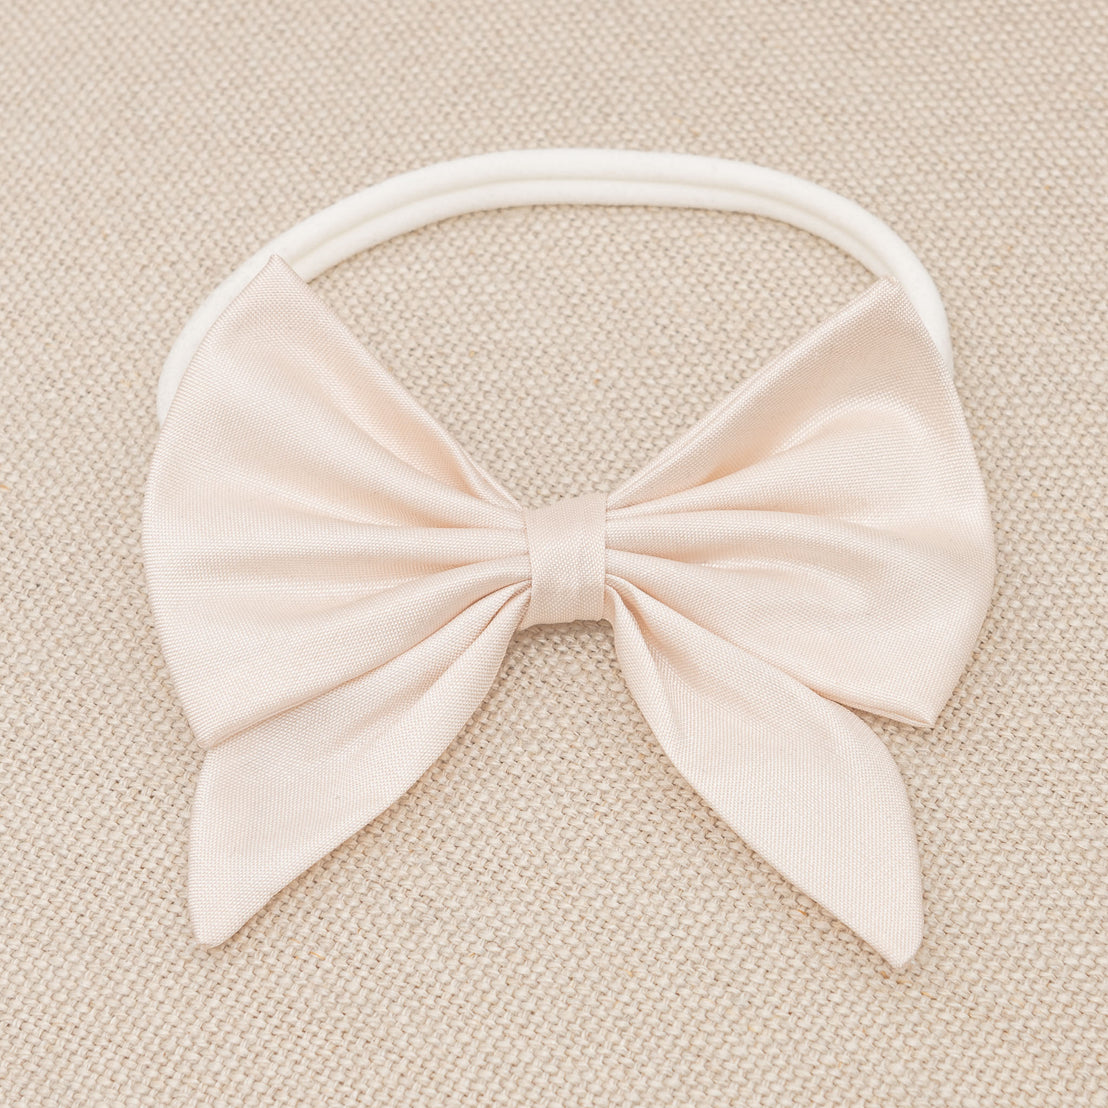 A Elizabeth Bow Headband displayed on a textured beige background, ideal for upscale or vintage baptism events. The bow is neatly tied and centrally positioned on the headband.
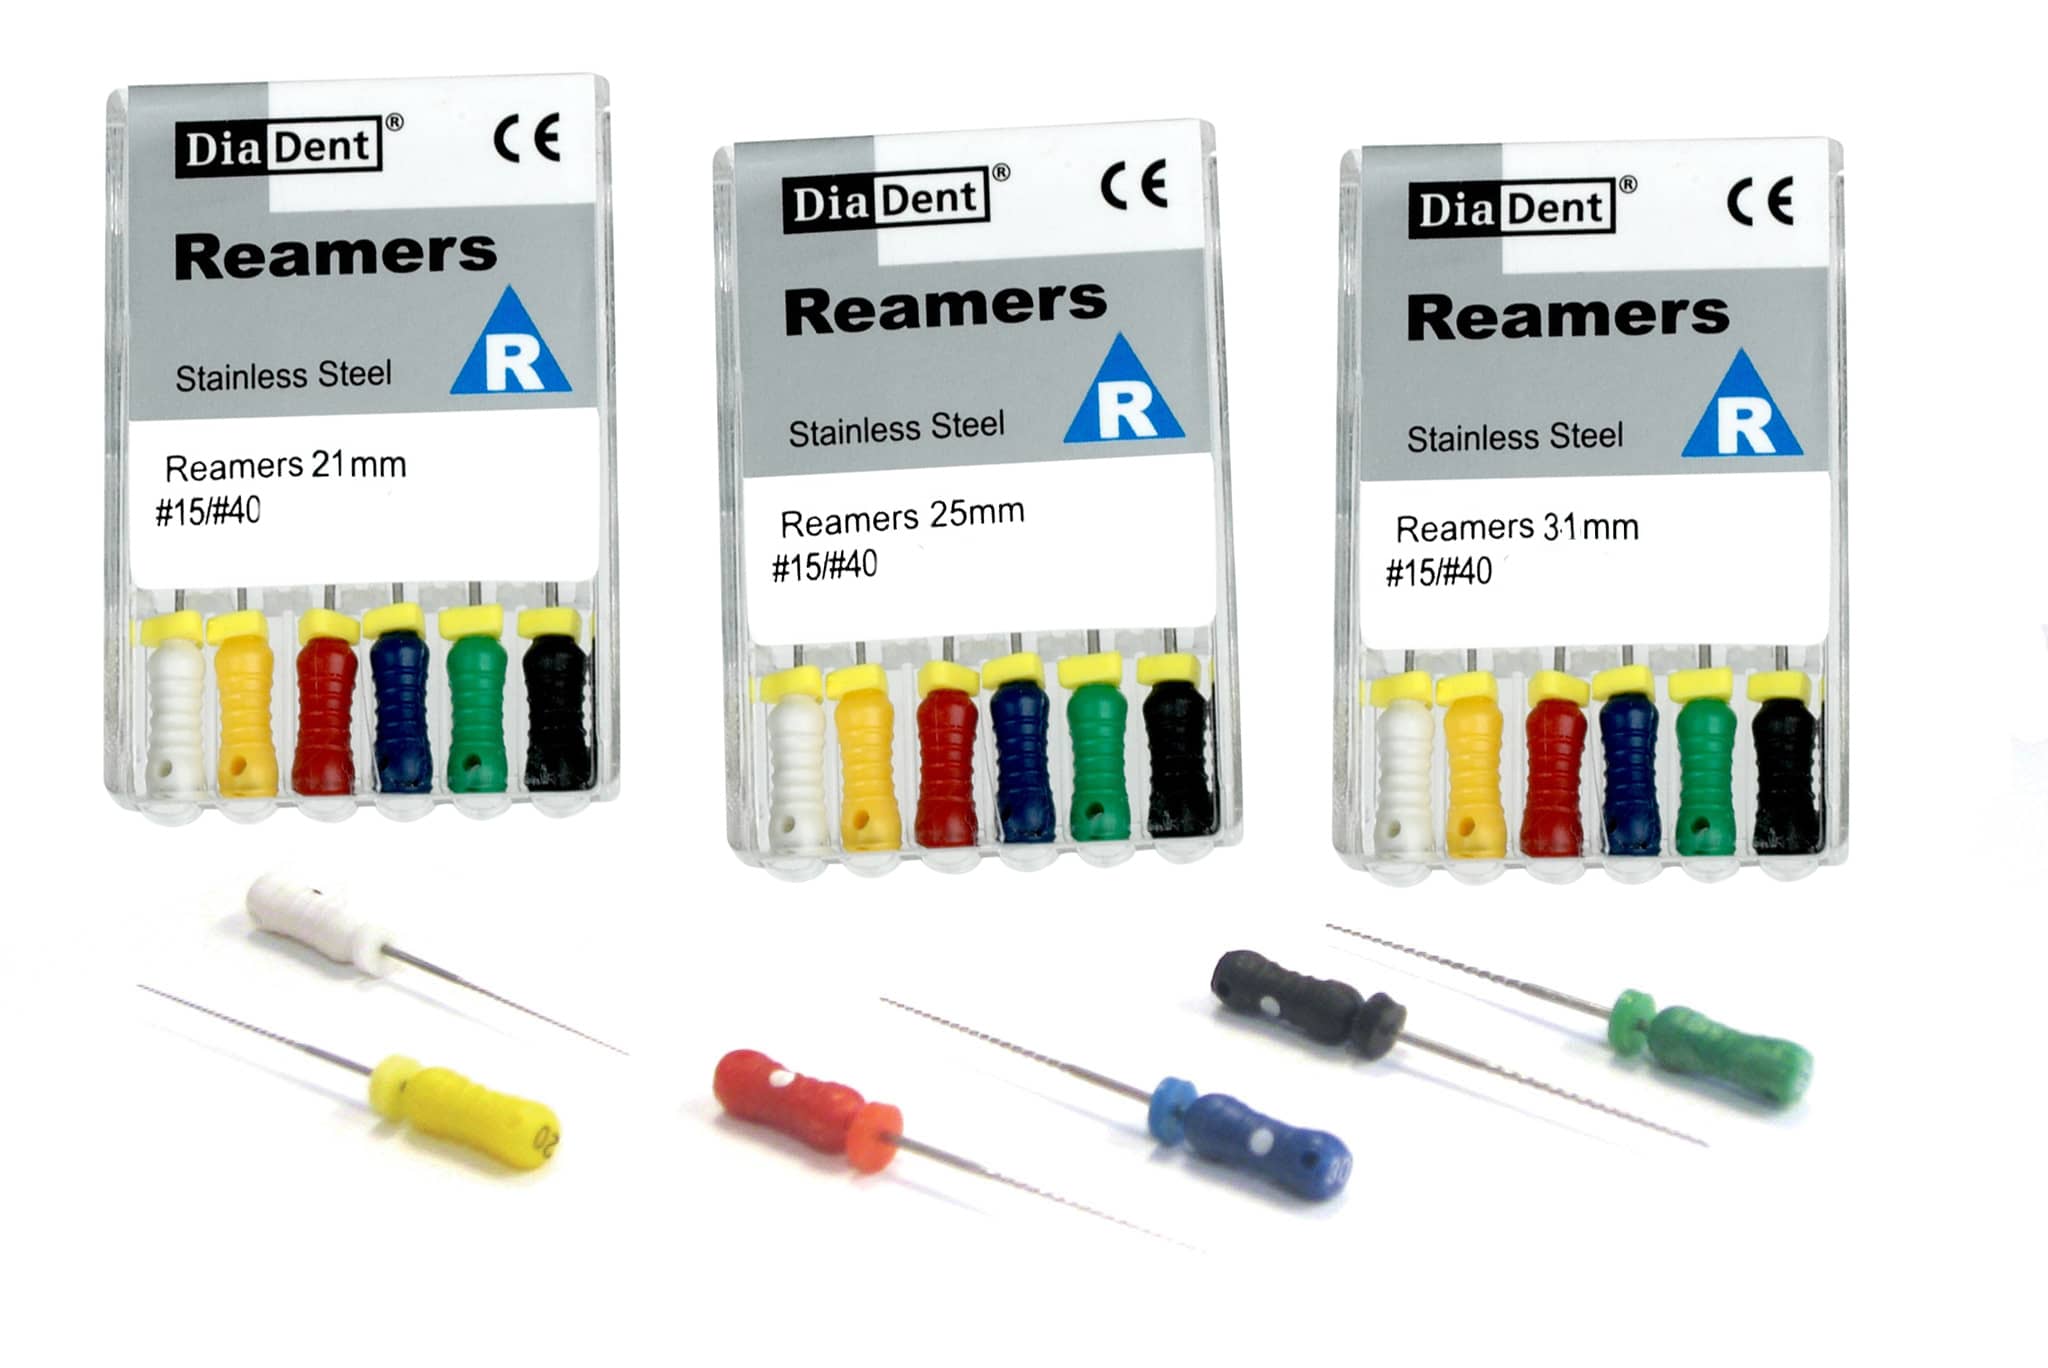 REAMERS Diadent 31mm - 15
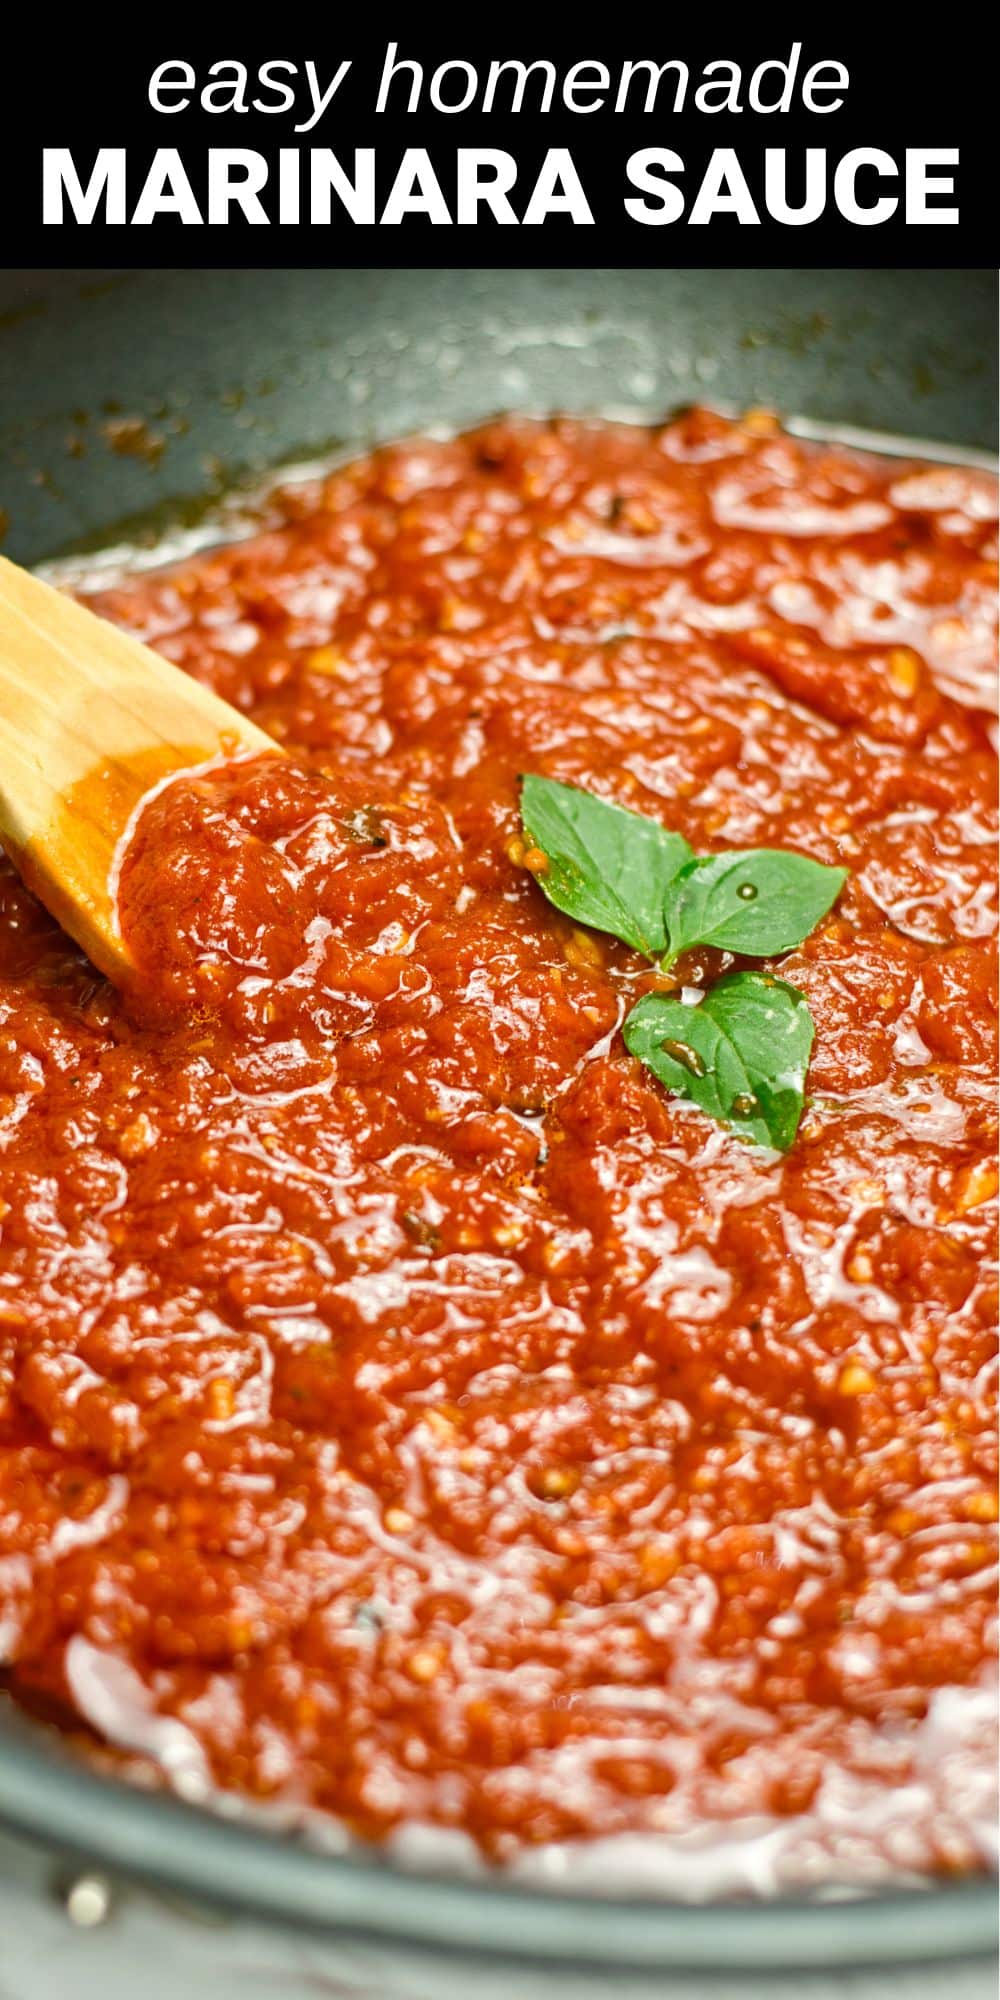 This made from scratch Italian Marinara Sauce recipe has a beautiful balance of flavor with sweet tomatoes, earthy Italian herbs and the perfect touch of heat from red pepper flakes. It's a deliciously savory dipping sauce or can be used as a base for many of your favorite Italian dishes.

■ What you are asked to do ■
Please retype the material above exactly, and omit its images.

■ Exercise response ■
 A Elizabeth Bow Headband displayed on a textured beige background, ideal for upscale or vintage baptism events. The bow is neatly tied and centrally positioned on the headband.
 REAMERS Diadent 31mm - 15
 This made from scratch Italian Marinara Sauce recipe has a beautiful balance of flavor with sweet tomatoes, earthy Italian herbs and the perfect touch of heat from red pepper flakes. It's a deliciously savory dipping sauce or can be used as a base for many of your favorite Italian dishes.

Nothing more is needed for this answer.